A class of extrasolar giant planets - the so-called ‘ hot Jupiters ’ [ 1 ] - orbit within 0.05 AU of their primary stars .
These planets should be hot and so emit detectable infrared radiation [ 2 ] .
The planet HD 209458b [ 3 , 4 ] is an ideal candidate for the detection and characterization of this infrared light because it is eclipsed by the star .
This planet has an anomalously large radius ( 1.35 times that of Jupiter [ 5 ] ) , which may be the result of ongoing tidal dissipation [ 6 ] , but this explanation requires a non-zero orbital eccentricity ( \sim 0.03 ) [ 6 , 7 ] , maintained by interaction with a hypothetical second planet .
Here we report detection of infrared ( 24 \mu m ) radiation from HD 209458b , by observing the decrement in flux during secondary eclipse , when the planet passes behind the star .

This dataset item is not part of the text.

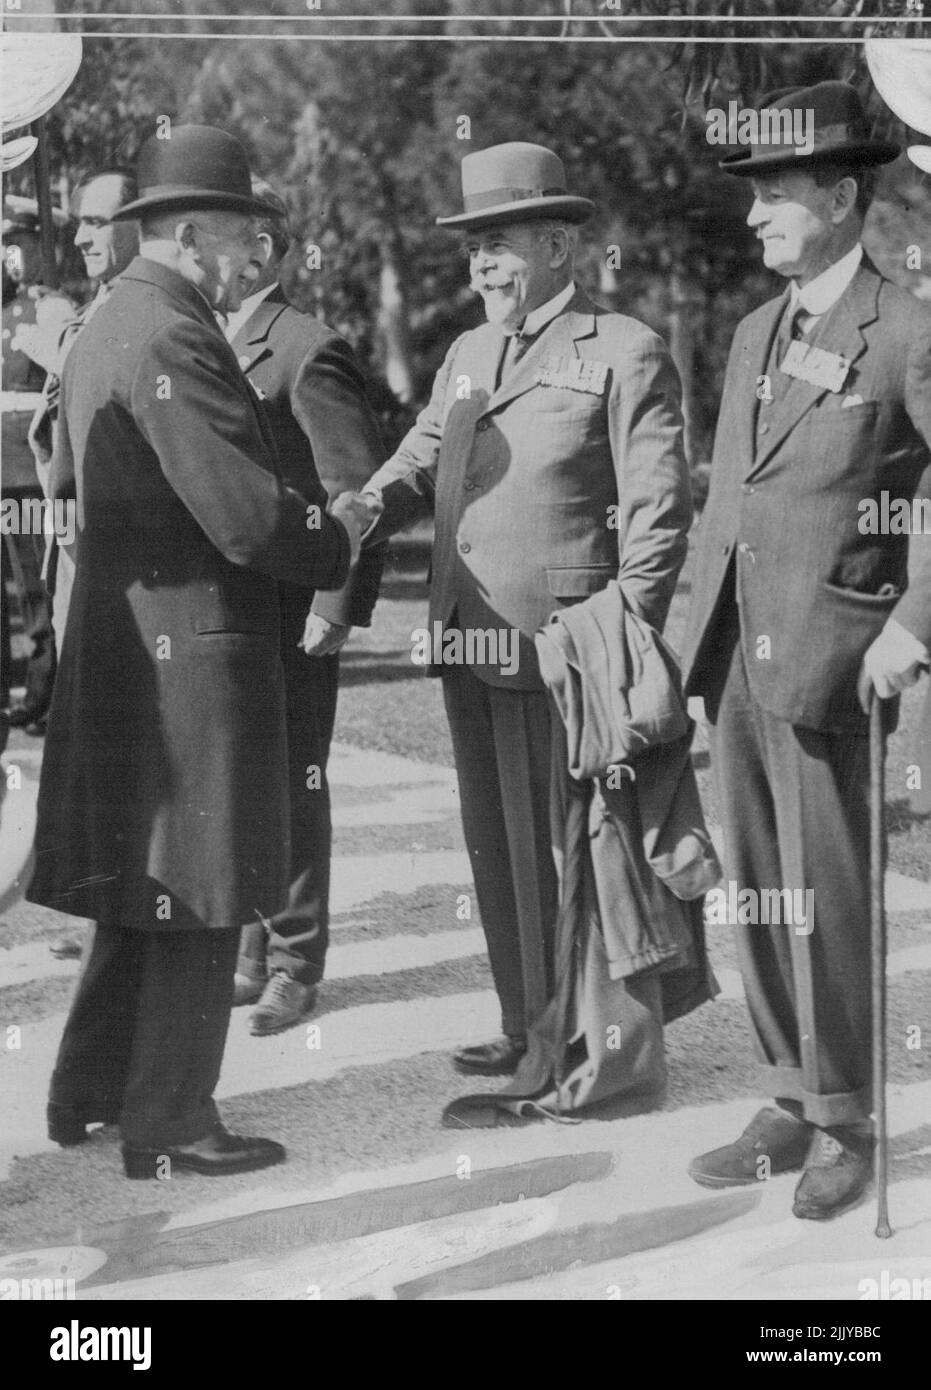 El duque de Connaught inspecciona la Legión Británica. -- el Dukeo de Connaught, que se encuentra actualmente en su ciudad de Cap Ferrat, inspeccionando en los terrenos a miembros de las ramas de NICE y Monaco de la Legión Británica. También inspeccionó un destacamento de H.K.S. Reina Isabel. S.A.R. está estrechando la mano con el almirante Sir Ernest Grant, miembro de la Legión. 24 de mayo de 1932. (Foto de Central News) Foto de stock

The planet ’ s 24 \mu m flux is 55 \pm 10 \mu Jy ( 1 \sigma ) , with a brightness temperature of 1130 \pm 150 Kelvins , confirming the predicted heating by stellar irradiation [ 2 , 8 ] .
The secondary eclipse occurs at the midpoint between transits of the planet in front of the star ( to within \pm 7 min , 1 \sigma ) , which means that a dynamically significant orbital eccentricity is unlikely .